Consider also that his wealth means he hasn’t had to defend an idea stringently since the 90s. I wouldn’t be surprised if he does think LLMs give deep answers because it often looks that way until you critically review the response and ask questions like what’s missing which require you to have a decent understanding of the problem domain.
He makes billions but he already is a billionaire. Gaining billions more doesn't mean shit. The guy really has nothing to lose and the utility of what he gains contribute little to his life style.

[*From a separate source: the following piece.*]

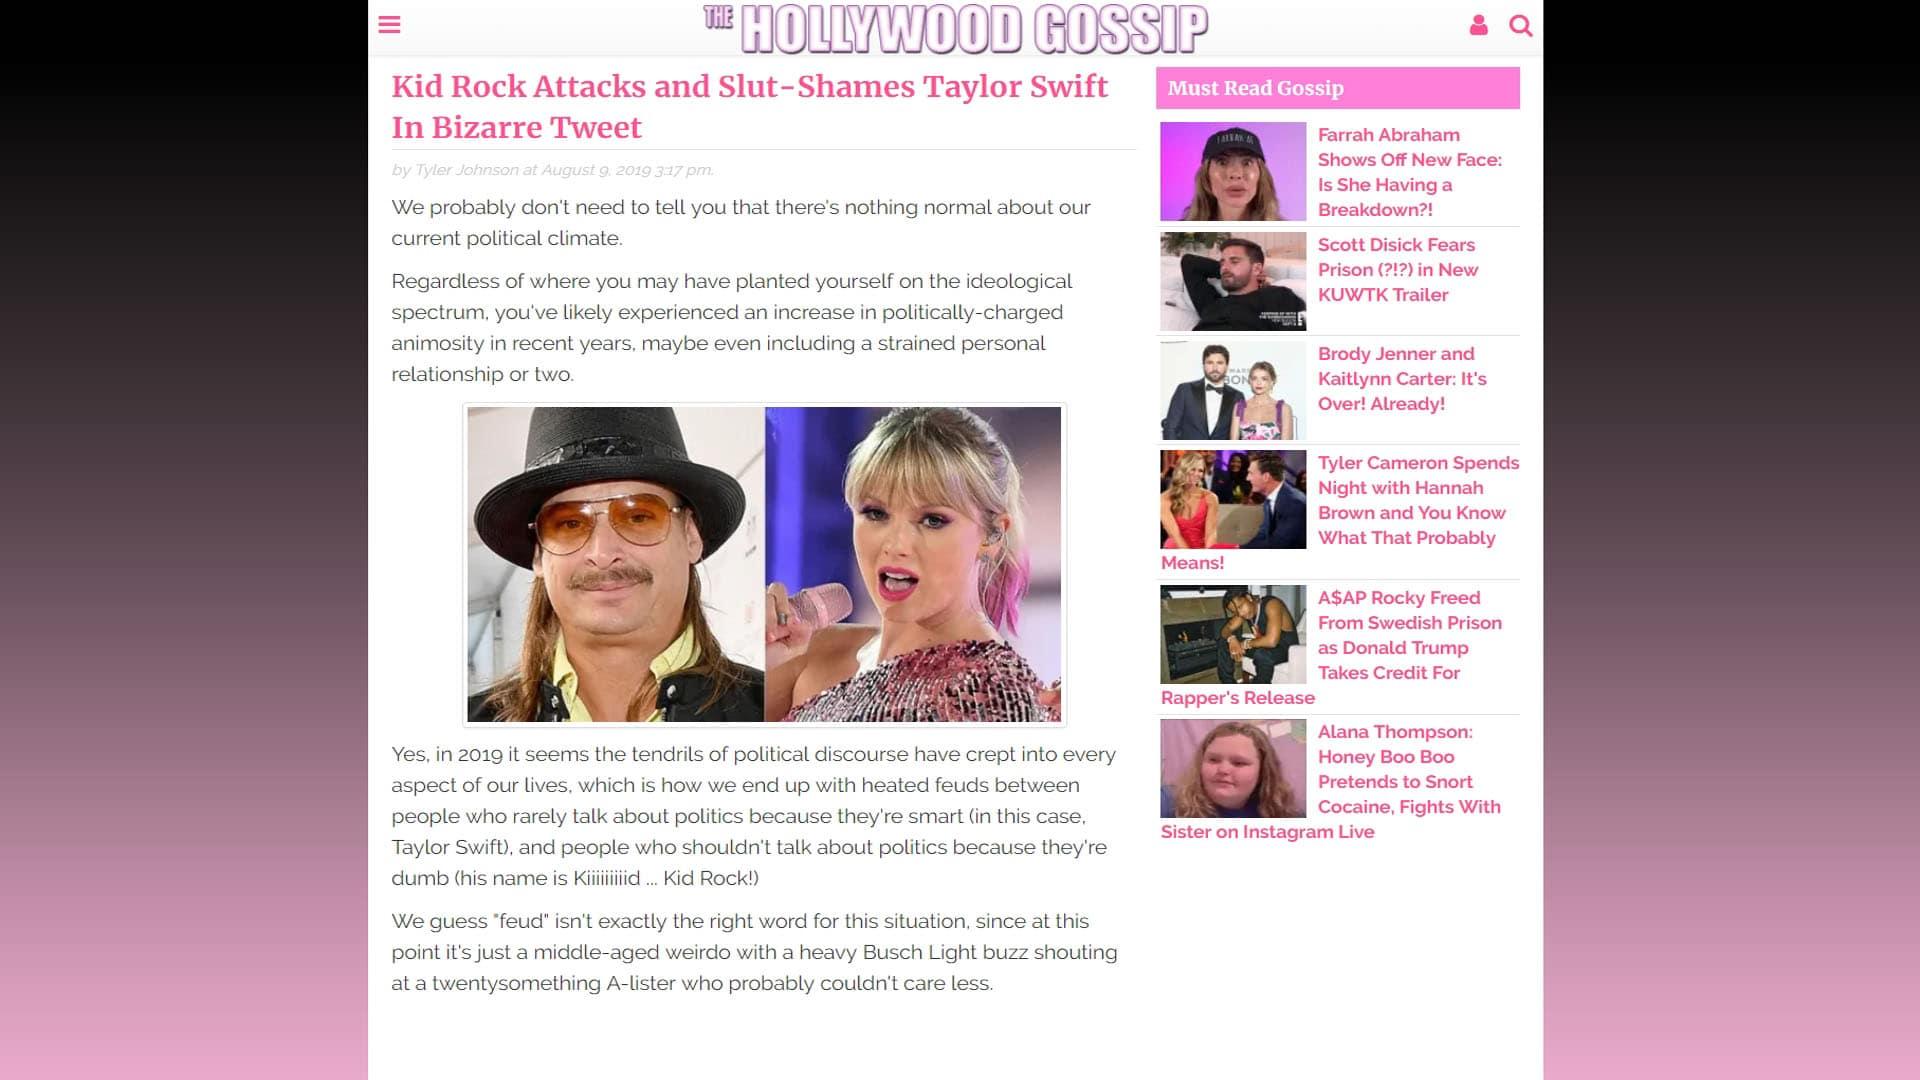 TheHollywoodGossip Kid Rock Attacks And Slut-Shames Taylor Swift In Bizarre Tweet

I will tell you this. HN has been comically wrong about everything related to AI. They said driverless cars have no chance of becoming useable. Now Tesla FSD is almost there and I sleep in waymo cars. HN said AI will never code, now everyone uses it to code.
It's fucking stupid. This is one of the smartest forums on the internet but HN becomes next to stupid when predicting AI. Why? Because humans can't face the truth. When the victim of attack is yourself, it doesn't matter how smart you are... you have to scaffold a rationalization to spare yourself as the victim. You have to lie to yourself and tell yourself that you matter.
The truth of it is, while LLMs are not the end game, AI in general is on a trajectory to take over. It shows us how meaningless our skills are... not only as programmers but as artists. That beautiful song you felt had greater meaning? It's all reproducible via an algorithm because it never really had a greater meaning. It was just a pattern.
He has access to employees and yes-men. What he actually needs to hear, nobody will tell him, AI even less so. Every shit idea he has, would be "what a bright idea"-ed by both everyone around him and AI.
And of course there's the little matter that he makes money and increases his power by selling AI. What seller doesn't promote their stuff as the greatest ever?
I also think it’s easy to think that AI gives good answers if you don’t know the field well. In fields where I know the material, the answers are pretty variable and can be quite bad.
AI is not only replacing programmers, but art and the meaning of being human itself. It's showing us how trivial all of human creation is as it's just patterns from an algorithm.
Humans have the advantage of perspective. We always lack some knowledge and answer broadly. This is bad if you have a particular goal in mind, but better if you're just generally learning, because you see more and learn to discriminate the correct from the wrong. And most importantly, being wrong is part of human ingenuity - because sometimes we turn something "obviously" wrong into something right.
Investor with vested interest in AI companies makes claim of reaching "AGI".
He is one of the last people to listen to about AGI. Unless the term "AGI" means something entirely different to him vs to independent researchers vs to CEOs, since the term has become entirely meaningless.
So no wonder on this point.
One thing I want to mention: Law != Justice.
So while LLMs are awesome at the law study they will suck at justice. Just because one has to solve very emotional problems with it at times. And LLMs are not that good at finding the correct emotion.